A prompt changelog entry might look like this:
## Opus 4.7 base prompt changes
- Added guidance on handling interrupted tool use sequences in agentic contexts
- Revised language around expressing uncertainty in multi-step plans
- Removed instruction to recommend human review for [category] decisions;
replaced with calibrated judgment based on consequence severity
That is three lines. It takes longer to describe than to write. The information value for developers running Opus in production pipelines would be substantial.
The absence of this is not malicious. It is the path of least resistance when product velocity is high and formal documentation processes are expensive. But the community filling the gap with git-based prompt archaeology is a signal that the demand is real and the current supply is zero.
The Practical Takeaway
If you are building on Opus and you care about output consistency, Willison’s work is worth subscribing to. He is building a public record of something Anthropic is not publishing themselves, and over the Claude 4 series, it has become a meaningful signal rather than a curiosity.

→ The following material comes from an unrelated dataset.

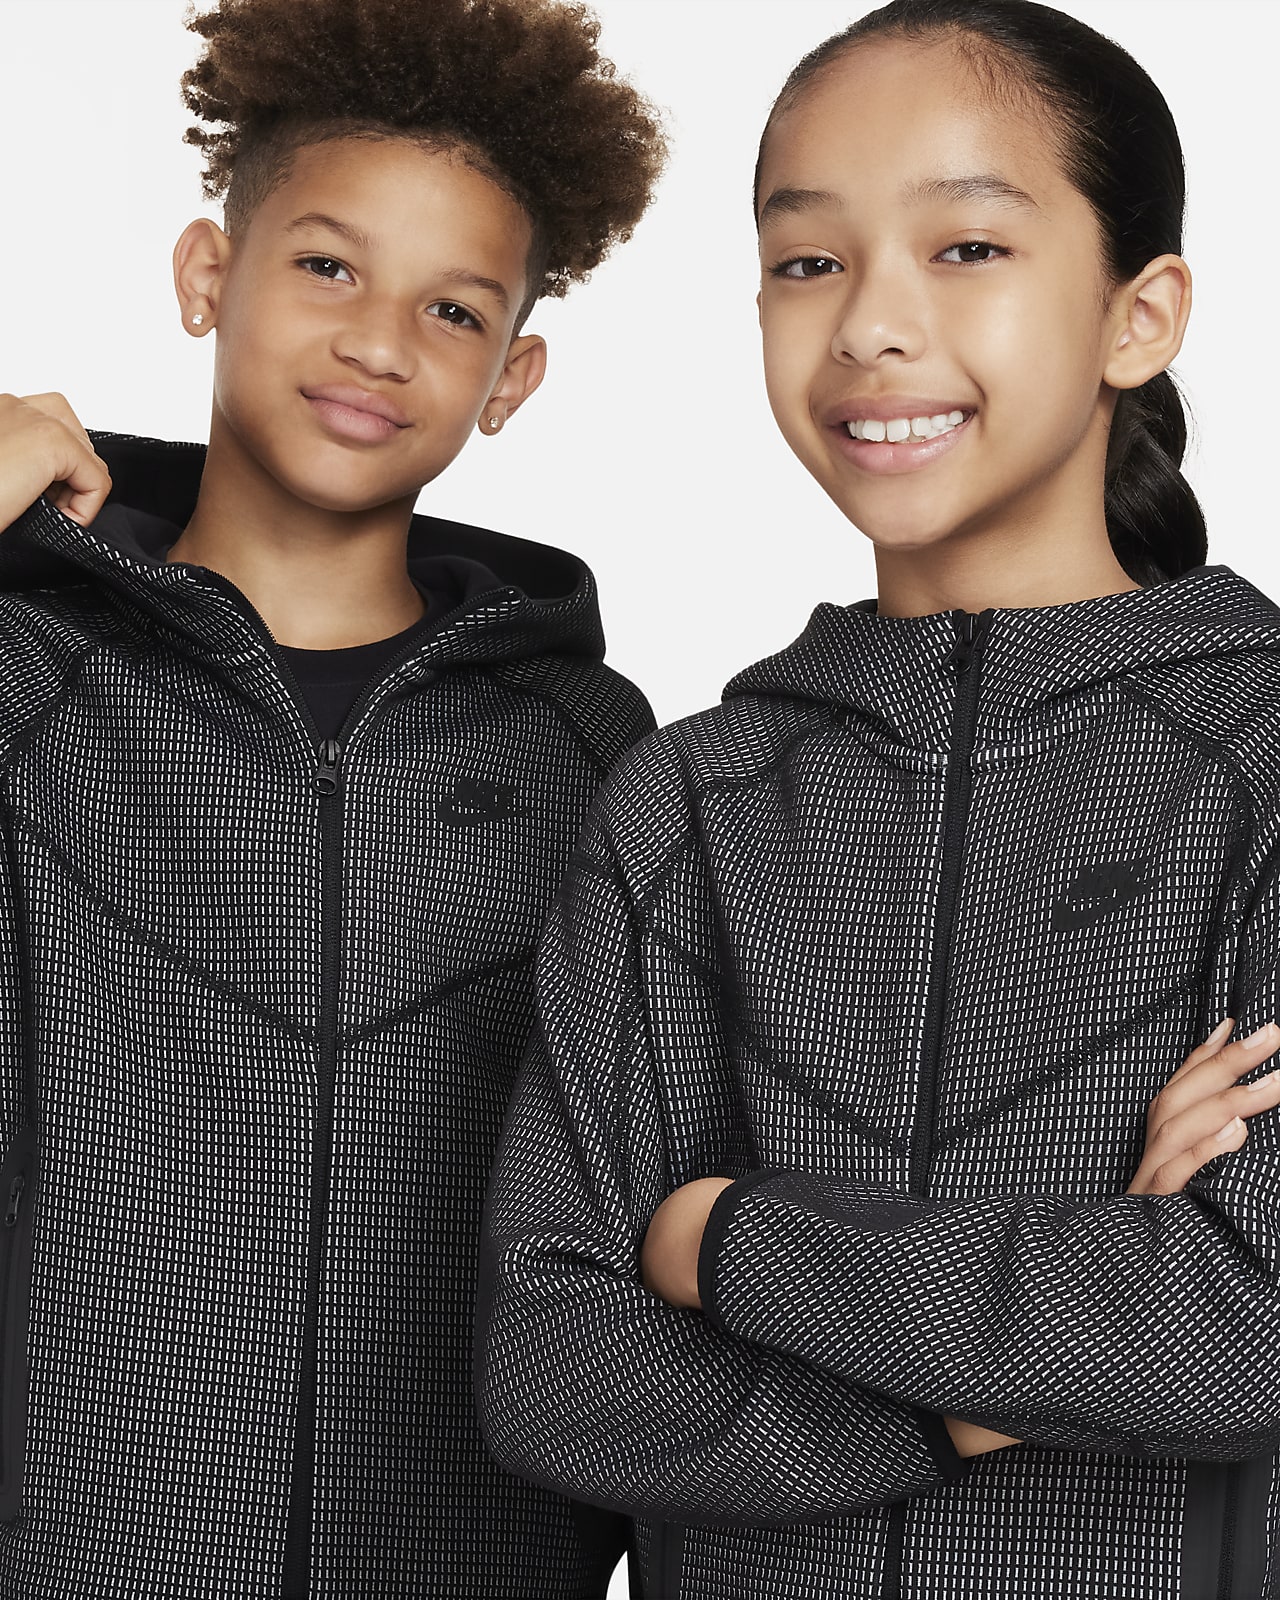 Nike Sportswear Older Kids' (Boys') Fleece Graphic Cargo Trousers. Nike CA

The deeper point is architectural. Any application that depends on consistent model behavior should be testing that behavior against a fixed benchmark on every version change, not assuming that a minor bump means nothing changed. The 4.6 to 4.7 diff is a concrete example of why. The weights probably changed. The system prompt definitely changed. Your outputs may or may not have changed, and you will not find out from the release notes.
Version your evaluation suite the same way you version your code. Run it on the new model before you roll it out. And keep one eye on what Willison finds in the diff, because right now that is the closest thing to a behavioral changelog you have access to.